Tuesday, July 28, 2009

Buying a Sustainable Economy

Chemical & Engineering News (7/27, Johnson) – Views on the likely impact of the recovery act are mixed, but most energy economists, engineers, and scientists recognize that this is a sea change in government funding and are holding their opinions in check, waiting to see what happens. Only $8.0 billion has been obligated so far, with just $264 million having been spent. Many observers question whether $38.7 billion is enough to make much of a dent in a program that is attempting to change how the world generates and uses energy. In mid-July, 34 Nobel Laureates called on Obama to increase federal funding for climate-change technology in the cap-and-trade bill to the $15 billion per year he promised during his presidential campaign.

Since the mid-1990s, energy R&D has accounted for about 1% of all federal R&D investments, according to a study funded by Pacific Northwest National Laboratory… The study, based on several R&D reports and databases, found that between 1961 and 2008, the federal government spent $172 billion for energy technology development … During the same period, however, the government spent overall nearly $4 trillion in cumulative R&D funding.
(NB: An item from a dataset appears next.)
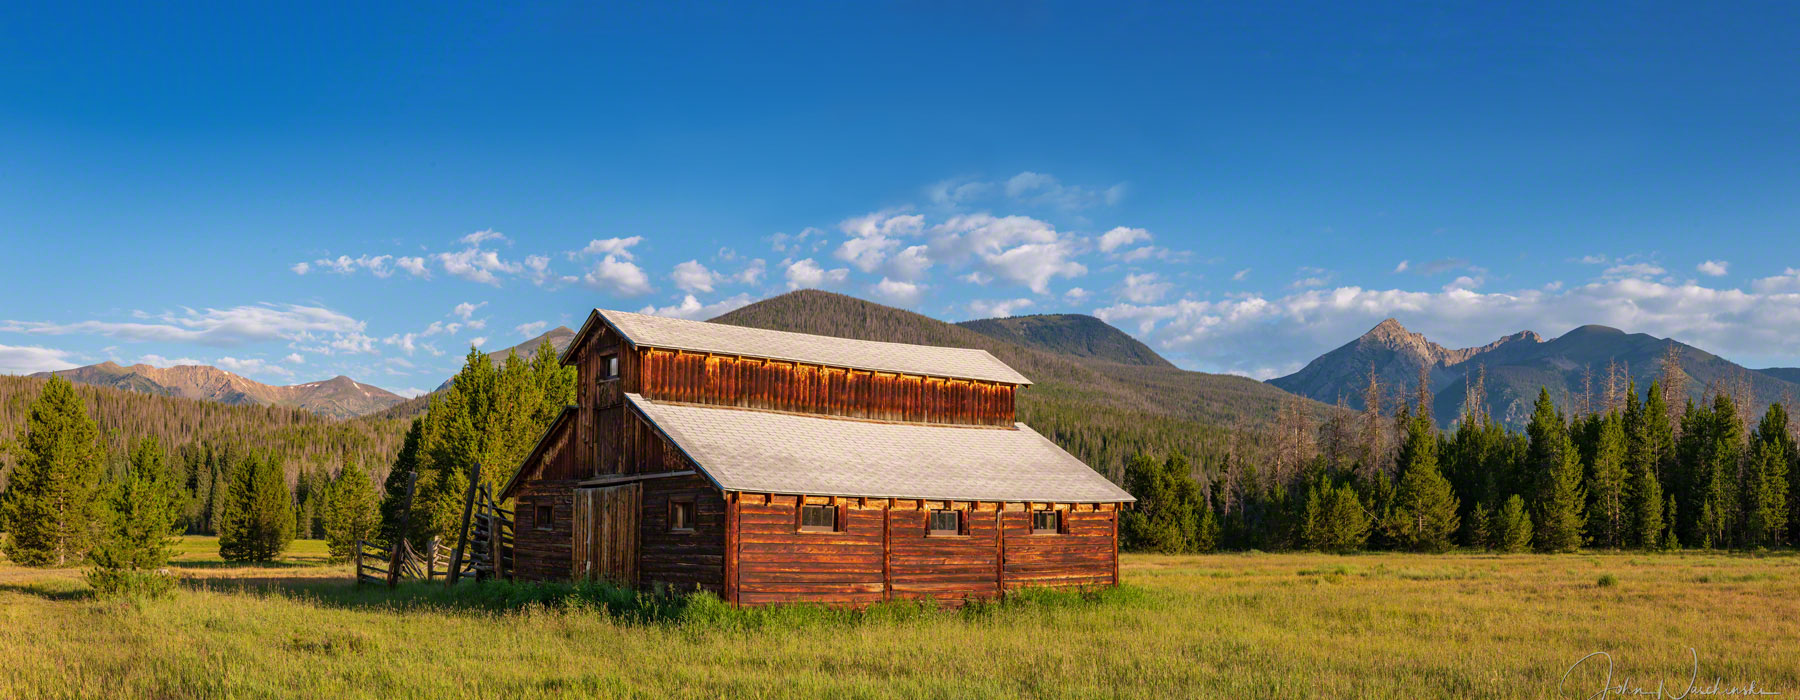 Little Buckaroo Barn Rocky Mountain National Park Colorado
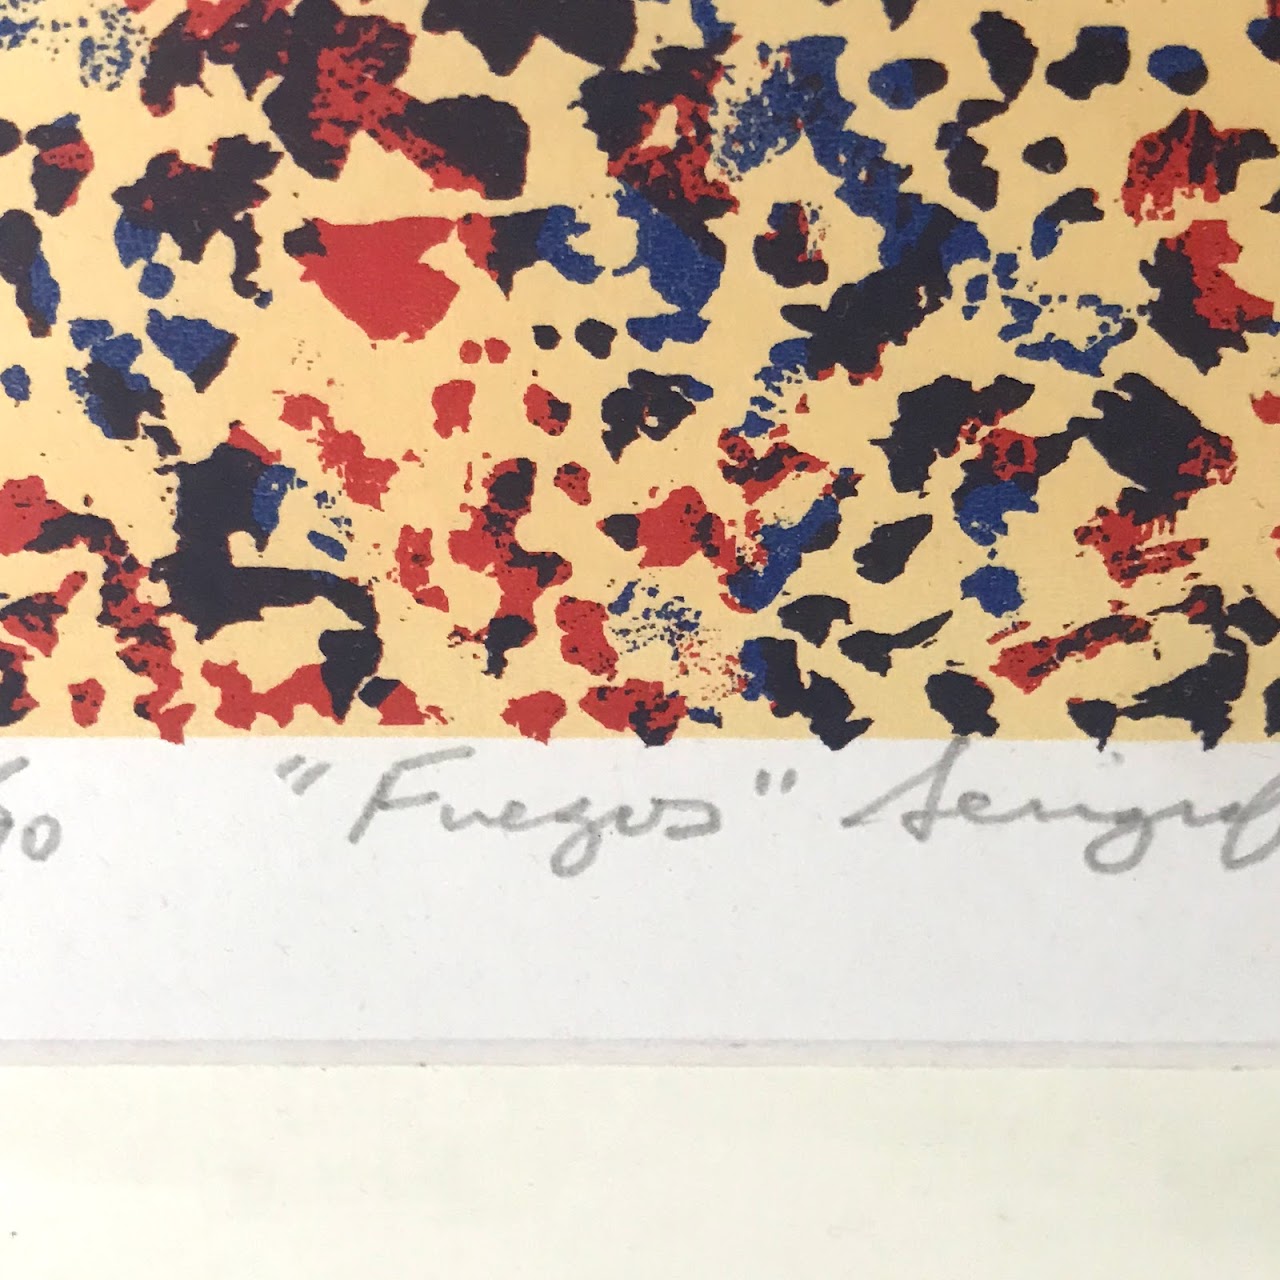 Signed 'Fuegos' Serigraph

In all but one year, defense R&D was more than half of the total.

R&D spending mirrors the changing demands of society, government, and Congress. During the space race of the 1960s, for instance, space R&D accounted for up to one-third of all federal R&D, and in the mid-1990s, health R&D—mostly through the National Institutes of Health—ramped up to nearly one-quarter of the federal R&D investment for that period … “There never has been anything like a free market in energy,” counters Frank Laird, professor of technology and public policy at the University of Denver. “It is a fantasy. The first tax subsidies go back to 1918 and went to oil and gas. The question is, which energy sources do you support?”